If economic indicators are lukewarm going forward, it should lead to a more sustained, gradual decline in mortgage rates — as the Fed is less likely to continue rate hikes, Hale noted. 

“However, above-expected hiring, price growth or other economic activity could lead to upticks in the mortgage rate in anticipation that tighter Fed policy will be needed,” Hale said. 

A hike in short-term rates is only indirectly impactful for mortgage rates, as mortgages are priced off of long-term rates. But when the Fed raises interest rates, it becomes more expensive for families to take out loans for home purchases.

The Mortgage Bankers Association (MBA) also expects the Fed to push a pause button on the rate hikes in June, noting that the Fed’s statement was consistent with a plan to pause rates at this level.
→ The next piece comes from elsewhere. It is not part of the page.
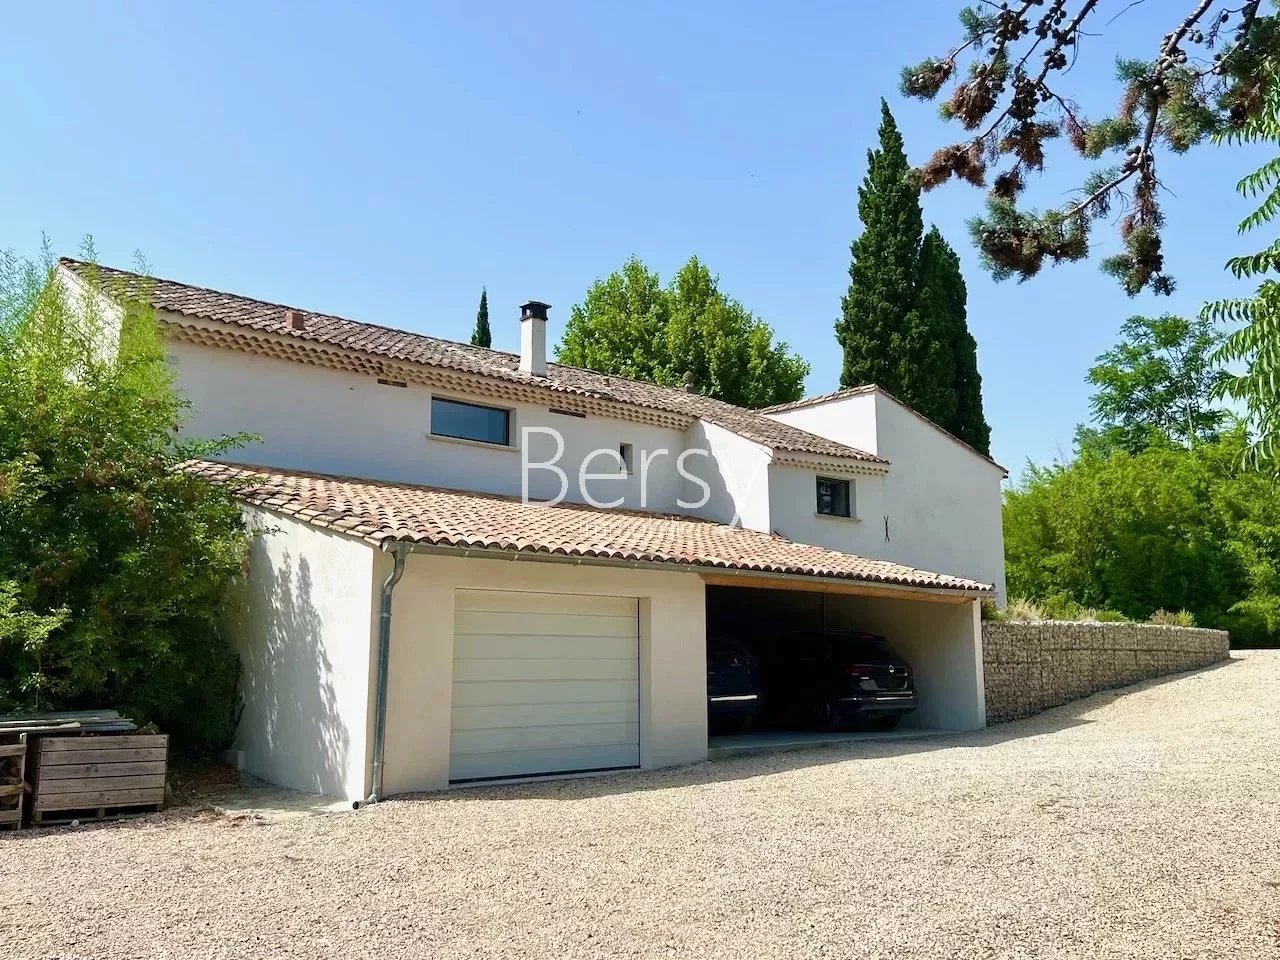 OPPORTUNITY - FULLY RENOVATED MAS - approximately 280m2 - 5 bedrooms - 9700m2 of land - Heated swimming pool of 5x10m

“Although recent speeches by Fed officials had indicated an increasing amount of disagreement regarding the next steps for policy, this was another unanimous vote,” Mike Fratantoni, chief economist at the MBA, said. 

The expectation of continued rate hikes has kept Treasury yields higher, even with expectations of an economic slowdown. This, in turn, has kept mortgage rates higher, Shampa Bhattacharya, senior director at Fitch Ratings, noted. 

“The home purchase market is more sensitive to a reduction in mortgage rates at current rate levels, with the refinance option still out of the money for a vast majority of homeowners (…).  Purchase mortgage application data as well as active listings have shown positive weekly growth recently in response to somewhat lower rates, though applications remain down 28-30% year over year,” Bhattacharya said.

Impact on housing and residential lending

It’s unclear what the Fed’s next decision will be, but the MBA is hoping for a rate hike pause. 

“If the central bank pauses its hike in June, potential homebuyers and their mortgage lenders may be breathing a sigh of relief,” Fratantoni said. 

While tighter credit conditions are expected to slow the pace of economic activity, the housing sector is already operating under tight credit, Fratantoni noted.

The MBA doesn’t expect the tight credit headwind to outweigh the benefits from somewhat lower mortgage rates. The housing market is likely pulling the economy out of this slowdown, as it typically does, the MBA said.

Looking ahead, Hale expected the rest of May to be a rocky ride for interest rates, including mortgage rates. 

“The Fed continues to remain vigilant, watching for signs that financial sector stresses have impacted the real economy. Most likely, this factor will remain a wild card for the next few meetings, as data continue to roll in,” Hale said.

If the Fed does raise rates again next month, home buyers will be scared of purchasing for several reasons, Dutch Mendenhall, founder at RAD Diversified REIT, noted.

Because there is still a relative low inventory of houses for sale, higher interest rates with higher home prices mean buyers may not find the house they want in the current price range. 

“Additionally, higher rates create higher debt-to-income ratio calculation, resulting in qualifying for lower mortgage amounts,” Mendenhall said. 

However, a higher interest rate environment can provide more opportunity for cash buyers. 

“Without having to worry about interest rates, cash buyers can be very attractive to sellers, as they know they can go to closing quickly, and as a result, cash buyers can find themselves in a much better position to negotiate a better sale price,” he noted. 

Regardless of whether mortgage rates will trend down or enter into a recession, potential buyers have a window of opportunity, Jerimiah Taylor, vice president of real estate and mortgage services at OJO, said.

“The spring market has been hotter than expected in many markets, and if you add the fuel of lower rates on what’s already happening, expect prices and competition to increase quickly,” Taylor said.